Exercise ▸ In the listing below, print exactly the lines between the line holding "Lettere Di Legno" and the line holding "桃源居2室1厅1卫电梯洋房", inclusive, and no more.

Information provided ▸
★ ★ ★ ★

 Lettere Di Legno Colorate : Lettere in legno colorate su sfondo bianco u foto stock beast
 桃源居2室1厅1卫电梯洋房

★ ★ ★ ★

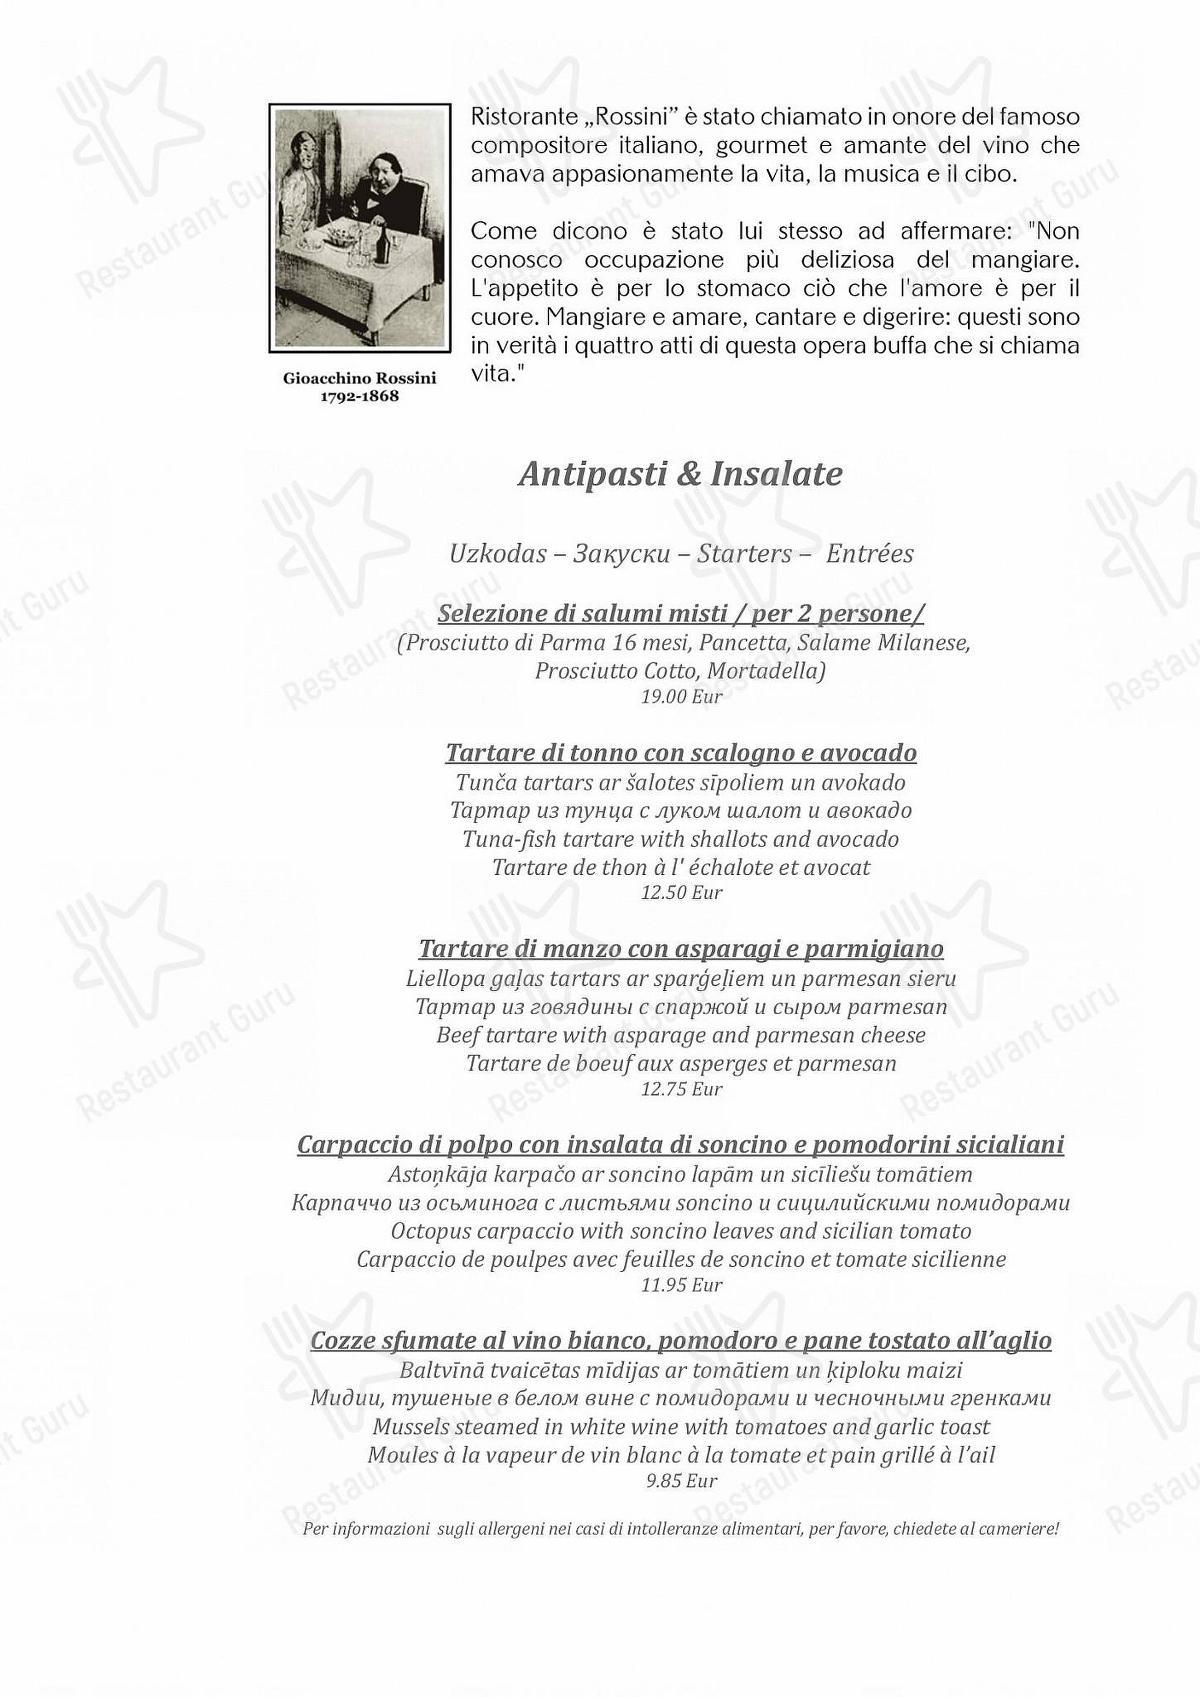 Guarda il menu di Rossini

★ ★ ★ ★

Answer to the problem ▸
 Lettere Di Legno Colorate : Lettere in legno colorate su sfondo bianco u foto stock beast
 桃源居2室1厅1卫电梯洋房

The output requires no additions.